3. Educational: this category describes the key educational or pedagogic characteristics of the learning object
3.1. Interactivity type: predominant mode of learning supported by the learning project. It can be active, expositive, mixed. “Active” learning (e.g., learning by doing) is supported by content that directly induces productive action by the learner. An active learning object prompts the learner for semantically meaningful input or for some other kind of productive action or decision, not necessarily performed within the learning object's frame-work. Active documents include simulations, questionnaires, and exercises. “Expositive” learning (e.g., passive learning) occurs when the learner's job mainly consists of absorbing the content exposed to him (generally through text, images or sound).
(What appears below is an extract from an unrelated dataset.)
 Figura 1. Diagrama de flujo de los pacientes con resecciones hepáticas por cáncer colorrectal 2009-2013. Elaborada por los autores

An expositive learning object displays information but does not prompt the learner for any semantically meaningful input. Expositive documents include essays, video clips, all kinds of graphical material, and hypertext documents. When a learning object blends the active and expositive interactivity types, then its interactivity type is “mixed.”
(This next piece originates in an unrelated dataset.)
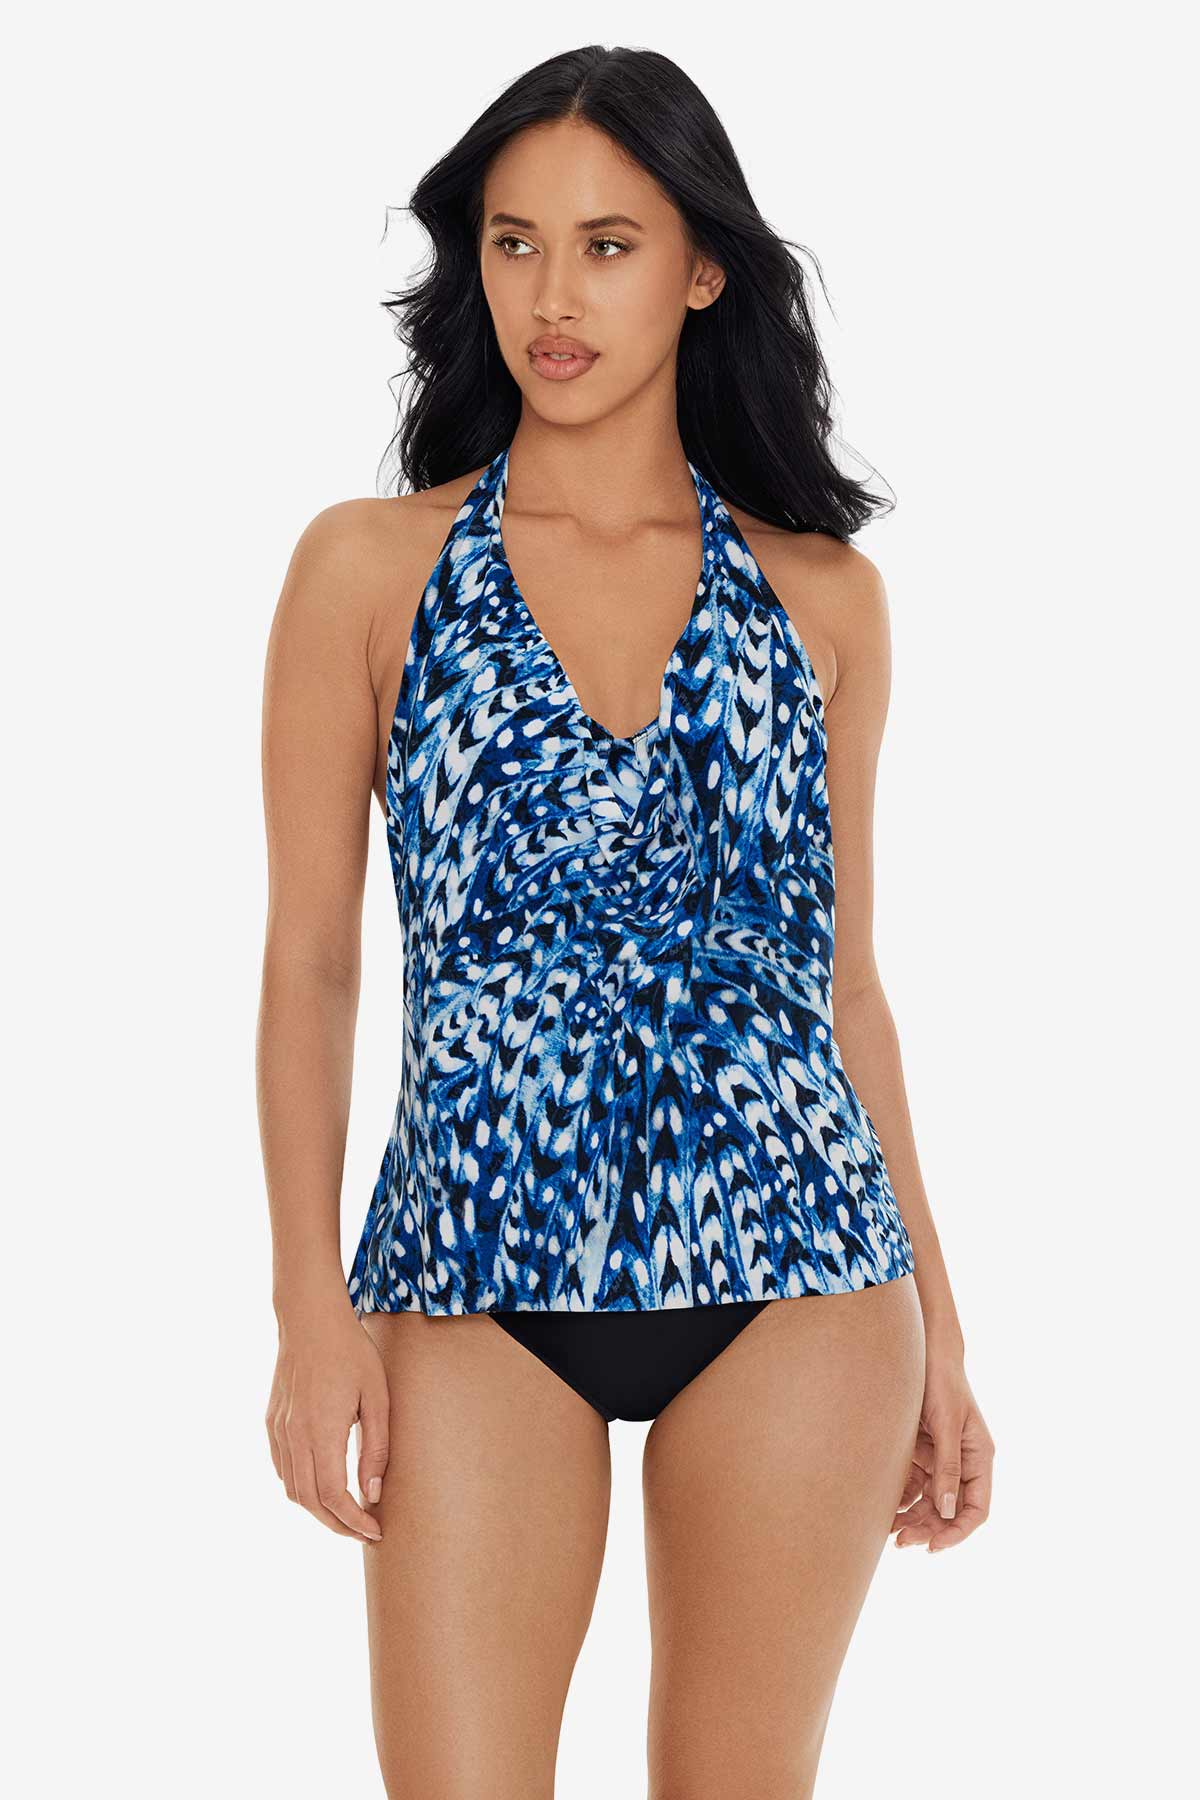 Custom Swimwear  Swim dress with Underwire Bra

3.2. Learning resource type: specific kind of learning object. It can be exercise, simulation, questionnaire, diagram, FAQ, figure, graph, index, slide, table, narrative text, exam, experiment, problem statement, self-assessment, lecture, video, webinar
3.3. Interactivity level: the degree of interactivity characterizing the learning object. Interactivity in this context refers to the degree to which the learner can influence the aspect or behavior of the learning object. It can be very low, low, medium, high, very high
3.4. Semantic density: the degree of conciseness of the learning object. The semantic density of a learning object may be estimated in terms of its size, span, or - in the case of self-timed resources such as audio or video - duration. It can be very low, low, medium, high, very high
3.5. Intended end user role: principal user(s) for which the learning object was designed, most dominant first. It can be Teacher, Author, Learner, Manager
3.6. Context: the principal environment within which the learning and use of the learning object is intended to take place. It can be school, higher education, training, other
3.7. Difficulty: how hard it is to work with or through the learning object for the typical intended target audience. It can be: very easy, easy, medium, difficult, very difficult, knowledge-dependent
3.8. Typical learning time: approximate or typical time it takes to work with or through the learning object for the typical intended target audience. Example: PT1H30M, which means 1 hour and 30 minutes; PT1M45S, which means 1 minute and 45 seconds. Specify "Knowledge-dependent" if the learning time depends on the familiarity with the context
3.9. Rights: describes the intellectual property rights and conditions of use for the learning object. Example: Copyright © 2018 xxx. Specify "Not available" if needed
3.10. Cost: whether use of the learning object requires payment (Yes/No)
3.11. Copyright and other restrictions: whether copyright or other restrictions apply to the use of the learning object (Yes/No)
3.12. Condition of use: comments on the conditions of use of the learning object (e.g., Free access)

4. Technical: this category describes the technical requirements and characteristics of the learning object
4.1. Location: a string that is used to access the learning object. It may be a location (e.g., Universal Resource Locator), or a method that resolves to a location (e.g., Universal Resource Identifier). The first element of this list shall be the preferable location. Specify "Not available" if needed
4.2. Size: the size of the digital learning object in bytes not Mbytes, GB, etc. This data element shall refer to the actual size of this learning object. If the learning object is compressed, then this data element shall refer to the uncompressed size. Specify "Not available" if needed.
4.3 Topic codes: the code and title of the topic covered according to the list of training topic identified in deliverable 6.1 and represented in Table 1. Topic codes are mainly divided into two subject categories: “general FAIR-related” (from G1 to G7) and “research data management-related” (from R1 to R17).